The common assumption is that a poor INP score means most interactions on your site are slow. When the median is good but the 75th percentile fails, that assumption is wrong. It means the majority of interactions are fine, but a specific subset of interactions — or a specific subset of users — experiences significantly worse responsiveness. This long-tail pattern requires a different diagnostic approach than broad INP failure. Instead of optimizing the general interaction pipeline, you need to identify which interactions, on which pages, for which user segments produce the outlier durations that drag the 75th percentile past the 200ms threshold.
Why the 75th Percentile Exposes Problems the Median Hides
CrUX evaluates INP at the 75th percentile, meaning 75% of observed interaction experiences must fall under 200ms for a “good” assessment. When the median (50th percentile) is under 200ms but the 75th percentile exceeds it, between 25% and 50% of all observed interactions exceed the threshold. This distribution shape points to a bimodal pattern: one population of fast interactions and a distinct second population of slow interactions.
The bimodal pattern emerges from several structural causes. Different interaction types on the same page have vastly different processing costs — a navigation click completes in 30ms while a faceted filter toggle takes 350ms. Different pages within the same origin have different interaction complexity — the homepage is responsive while the product comparison page is sluggish. Different user populations experience different hardware constraints — users on flagship devices complete the same interaction in 100ms that takes 400ms on a budget Android device.

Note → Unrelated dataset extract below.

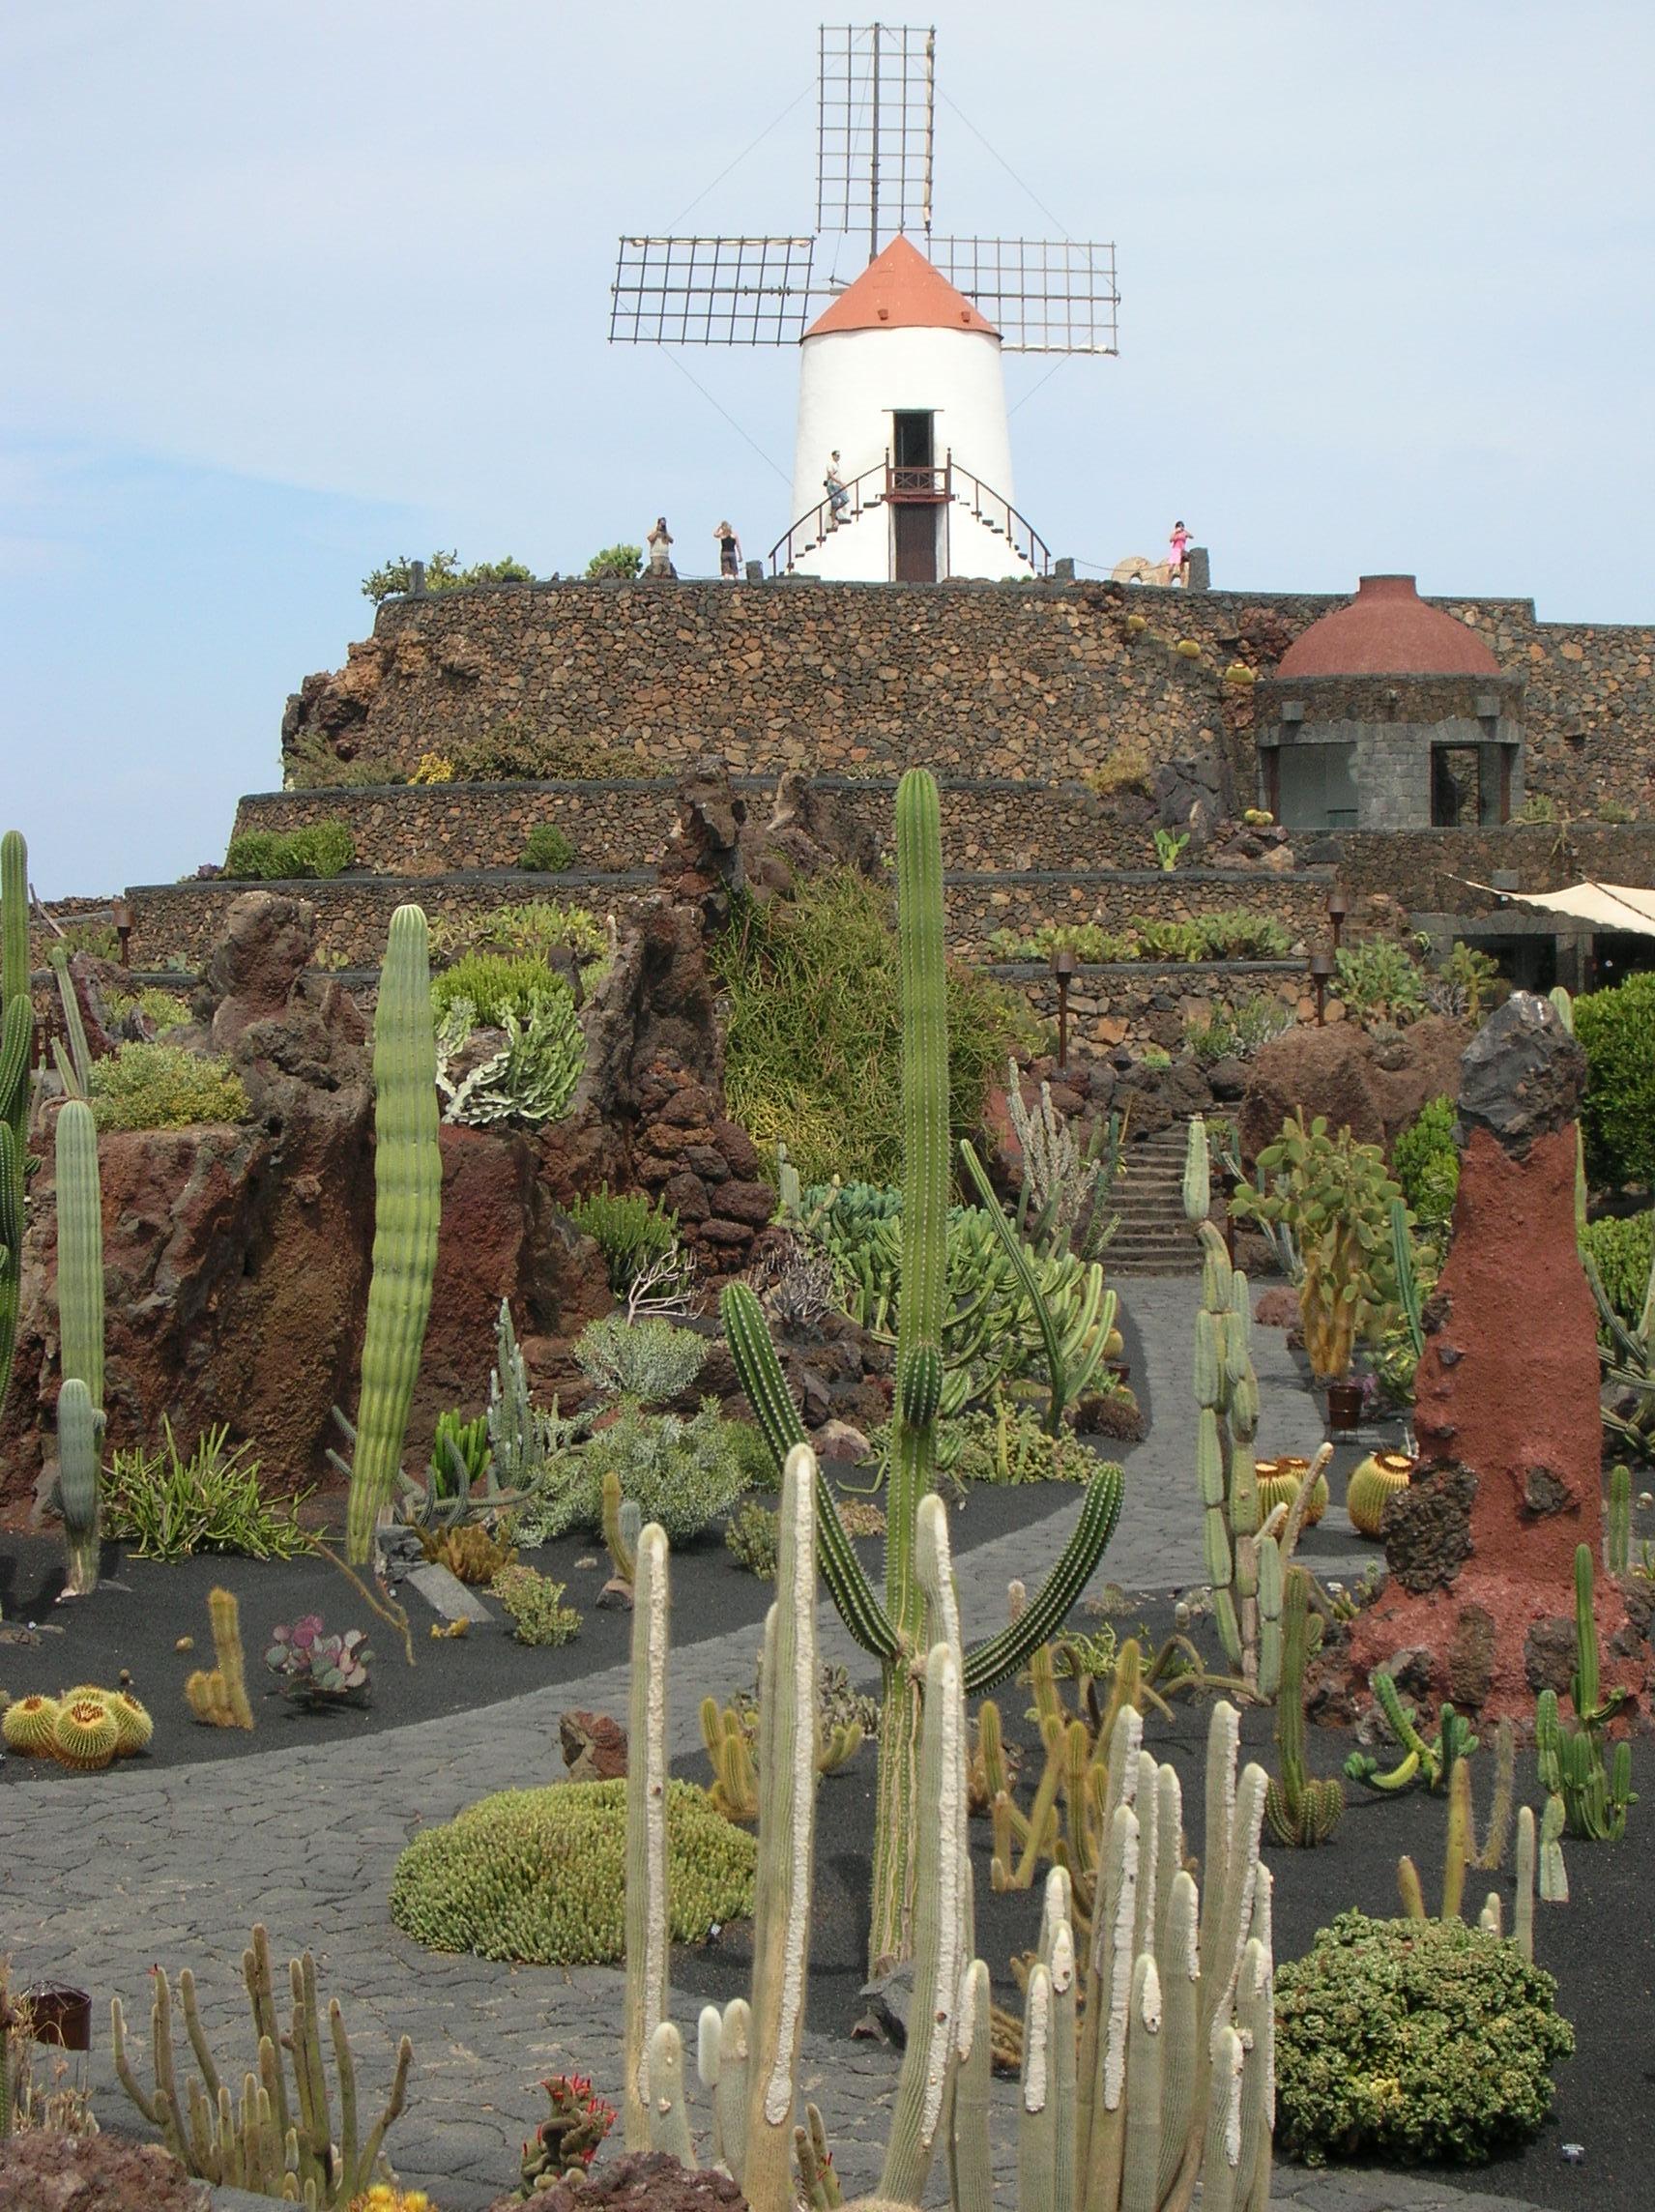 Jardn de Cactus Wikipedia
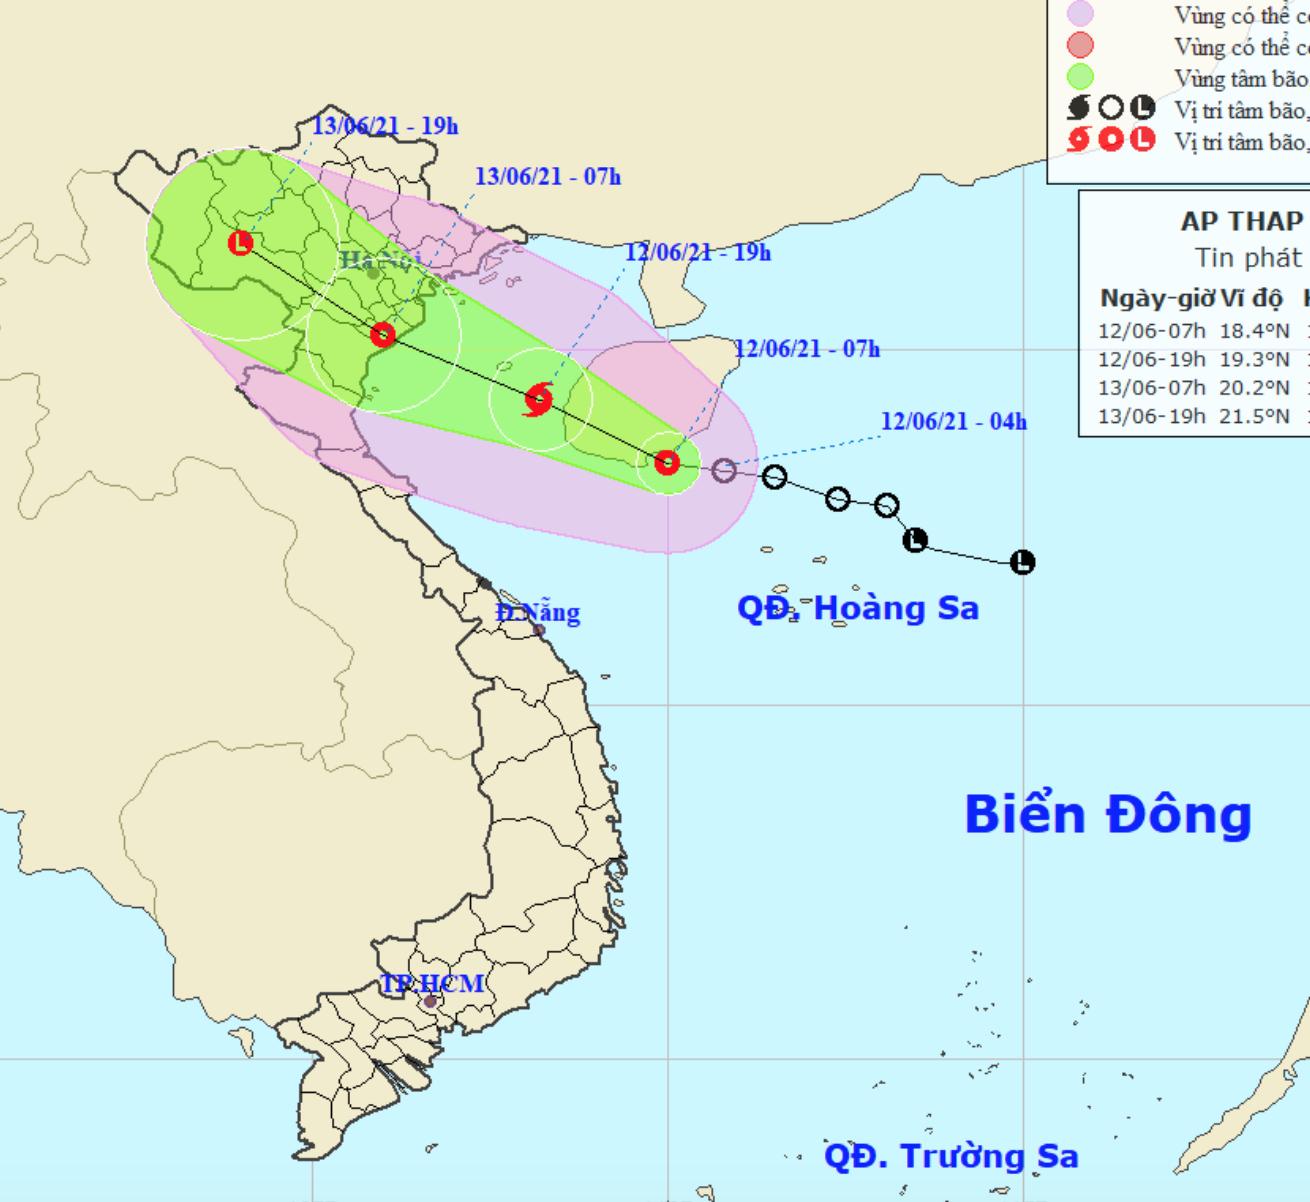 Áp thấp nhiệt đới khả năng thành bão đổ bộ sáng mai, Hà Nội mưa rất to và ngập úng

INP itself uses a near-worst-case selection: for pages with 50 or more interactions, it reports the 98th percentile interaction duration (excluding the absolute worst as an outlier). CrUX then evaluates this per-page INP value at the 75th percentile across all page views. The combination means the reported INP reflects the worst interaction for 75% of sessions. If 30% of sessions involve a particular slow interaction that other sessions do not trigger, that interaction defines the CrUX INP even though 70% of sessions are unaffected.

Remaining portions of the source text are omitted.